[Data shown Boundary: Start]

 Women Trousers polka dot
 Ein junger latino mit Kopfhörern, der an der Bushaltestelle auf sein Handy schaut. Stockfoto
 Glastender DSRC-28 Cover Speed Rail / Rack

[Data shown Boundary: End]
[Data shown Boundary: Start]

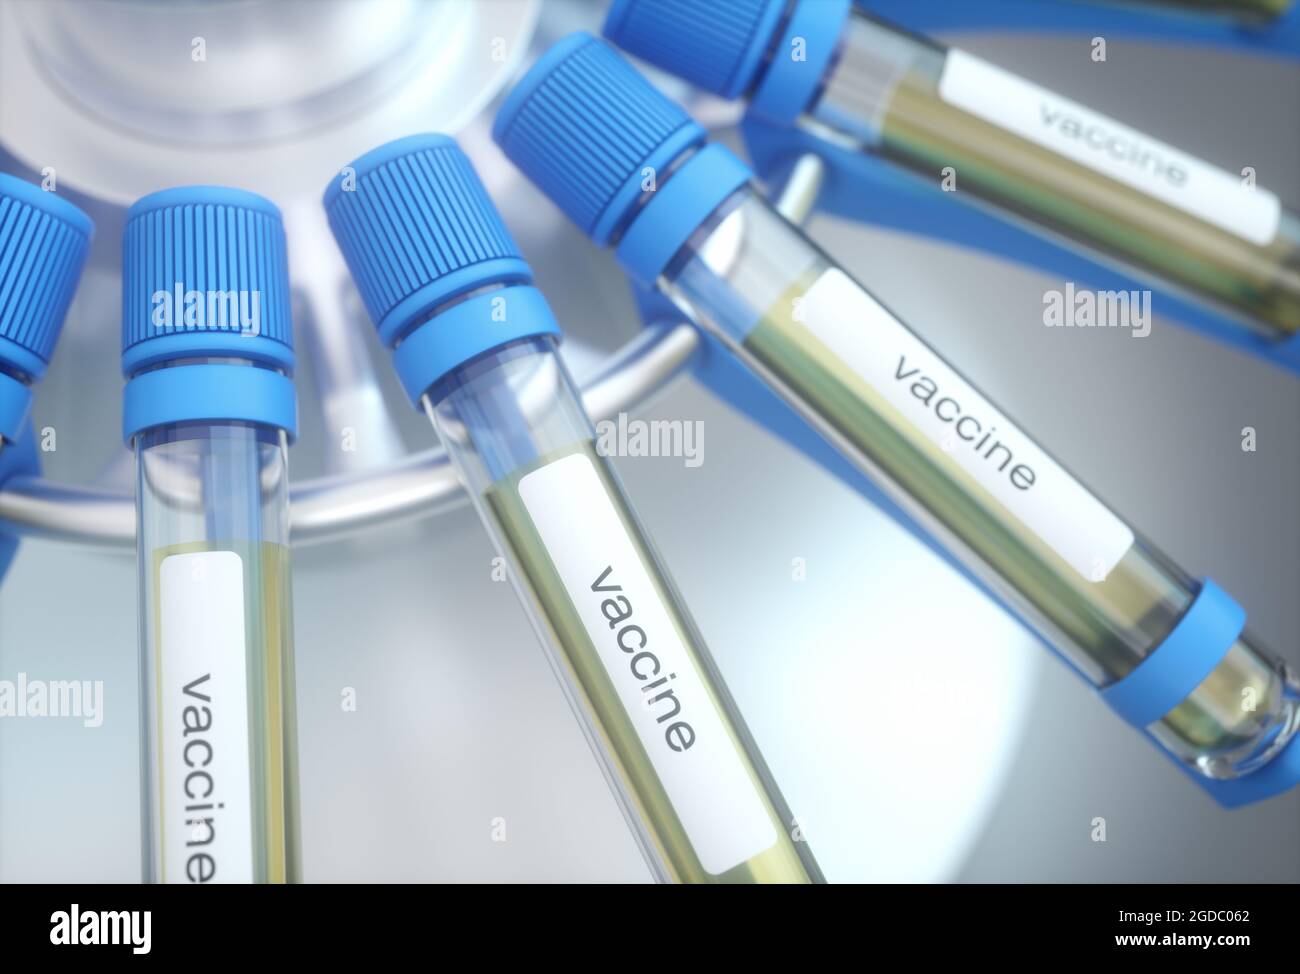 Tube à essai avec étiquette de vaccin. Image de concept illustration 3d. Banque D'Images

[Data shown Boundary: End]
[Data shown Boundary: Start]

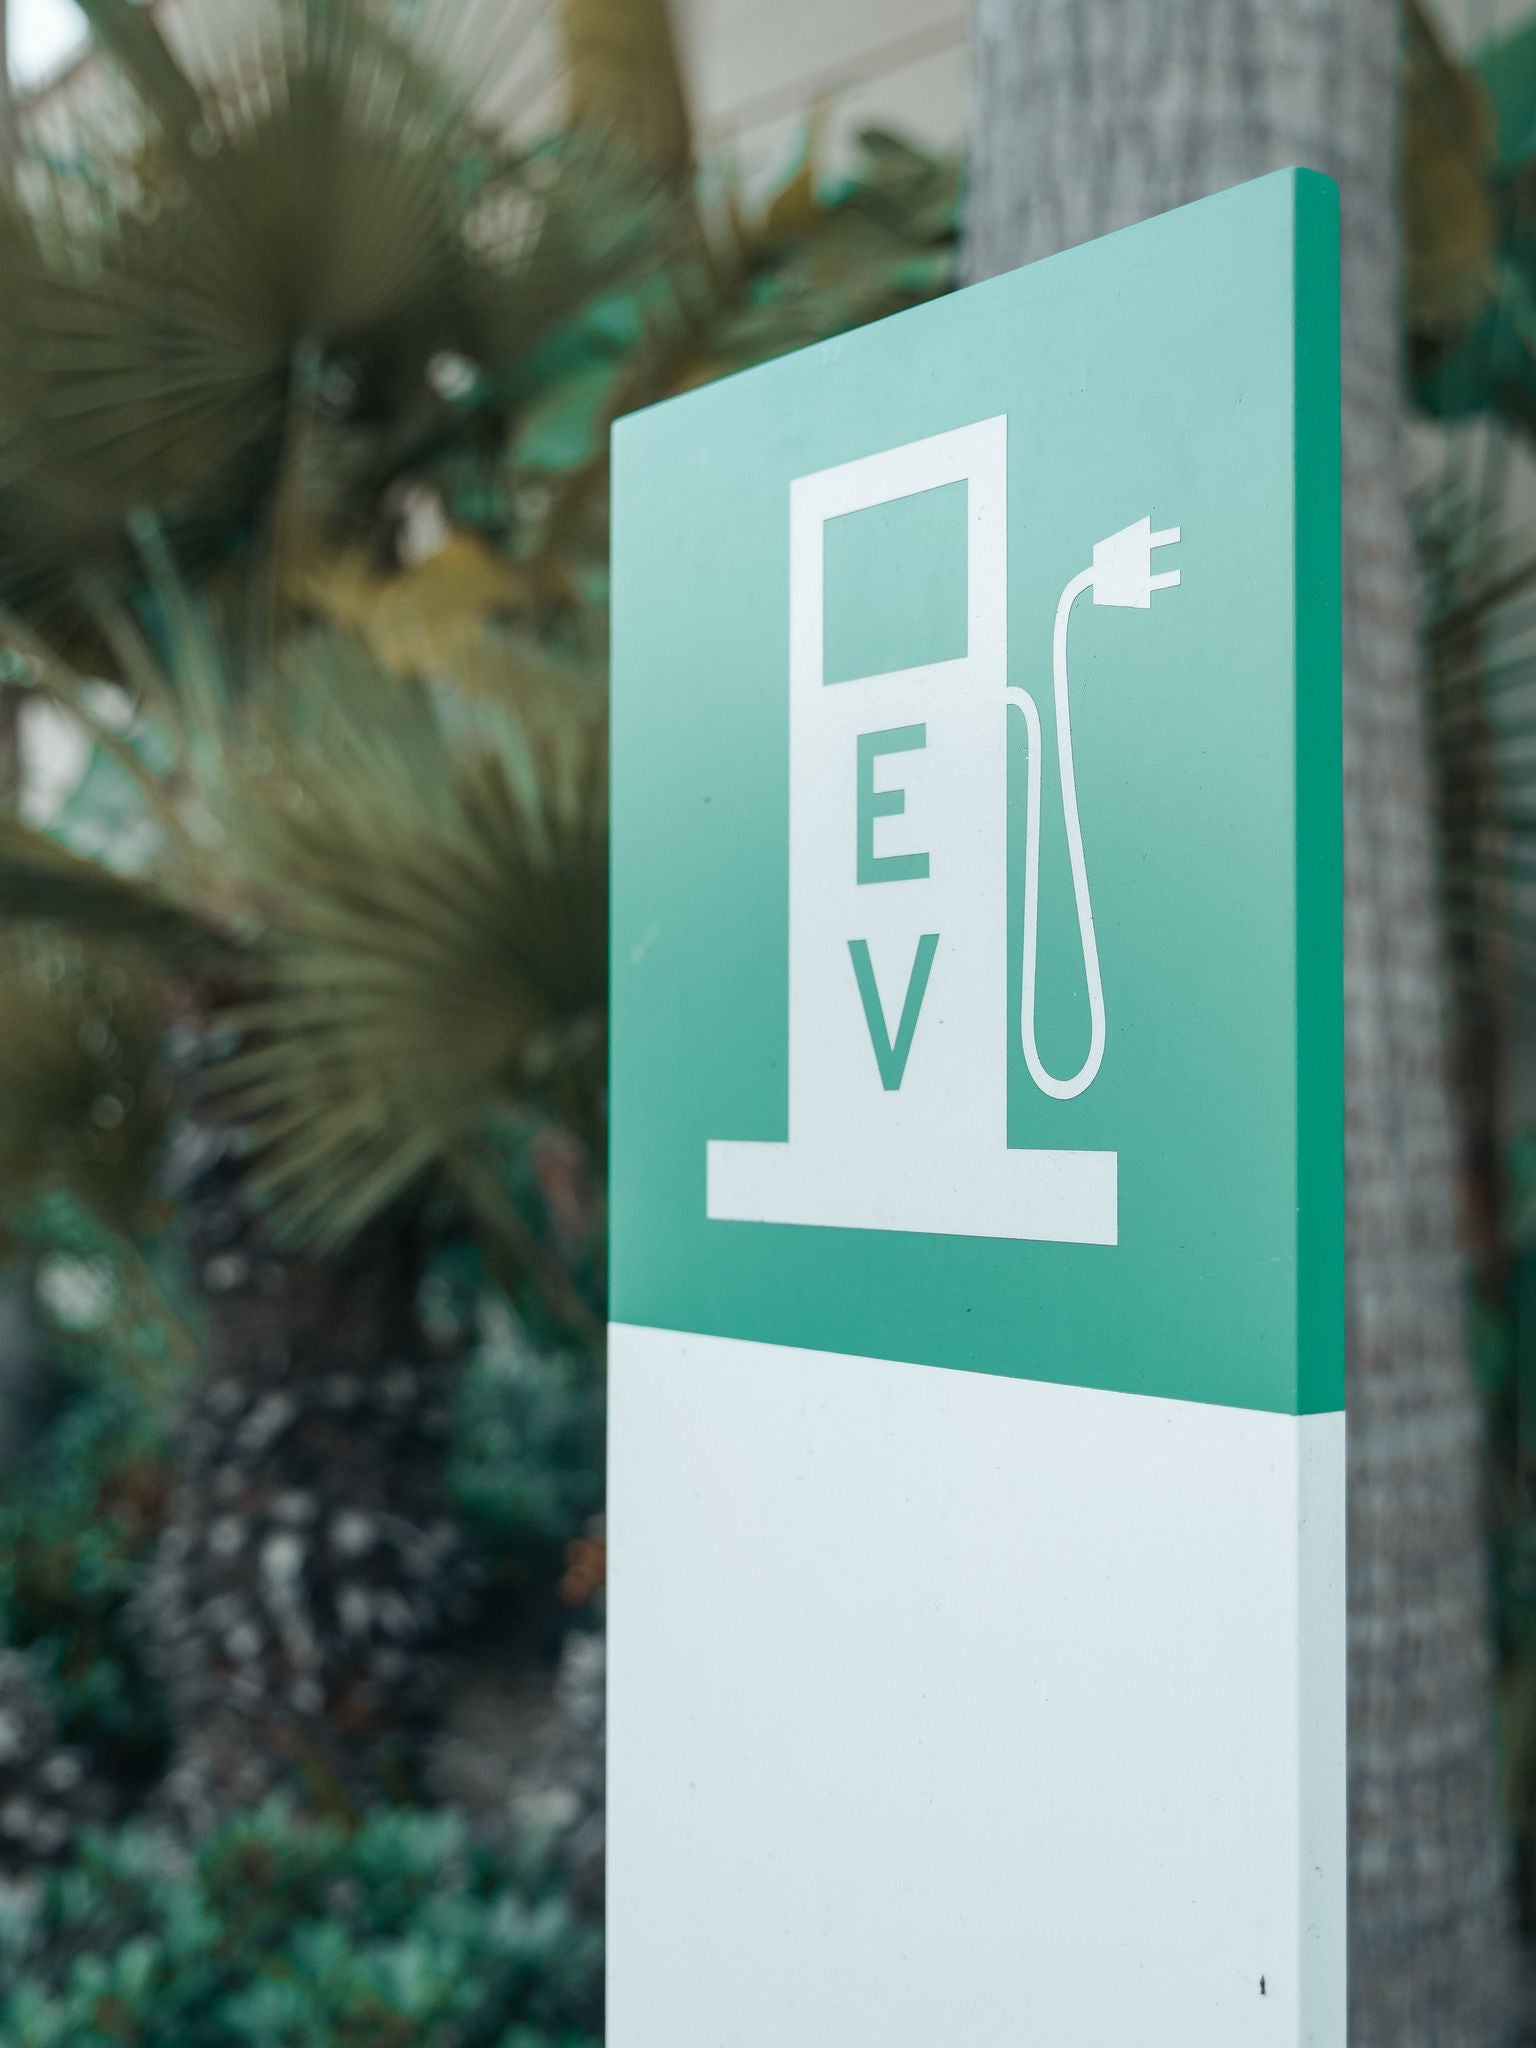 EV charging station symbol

[Data shown Boundary: End]

Exercise prompt: With the line holding "Ein junger latino" as the first and the line holding "Glastender DSRC-28 Cover Speed Rail / Rack" as the last, please transcribe exactly the lines of the material above in that range and nothing else.

Exercise answer:
 Ein junger latino mit Kopfhörern, der an der Bushaltestelle auf sein Handy schaut. Stockfoto
 Glastender DSRC-28 Cover Speed Rail / Rack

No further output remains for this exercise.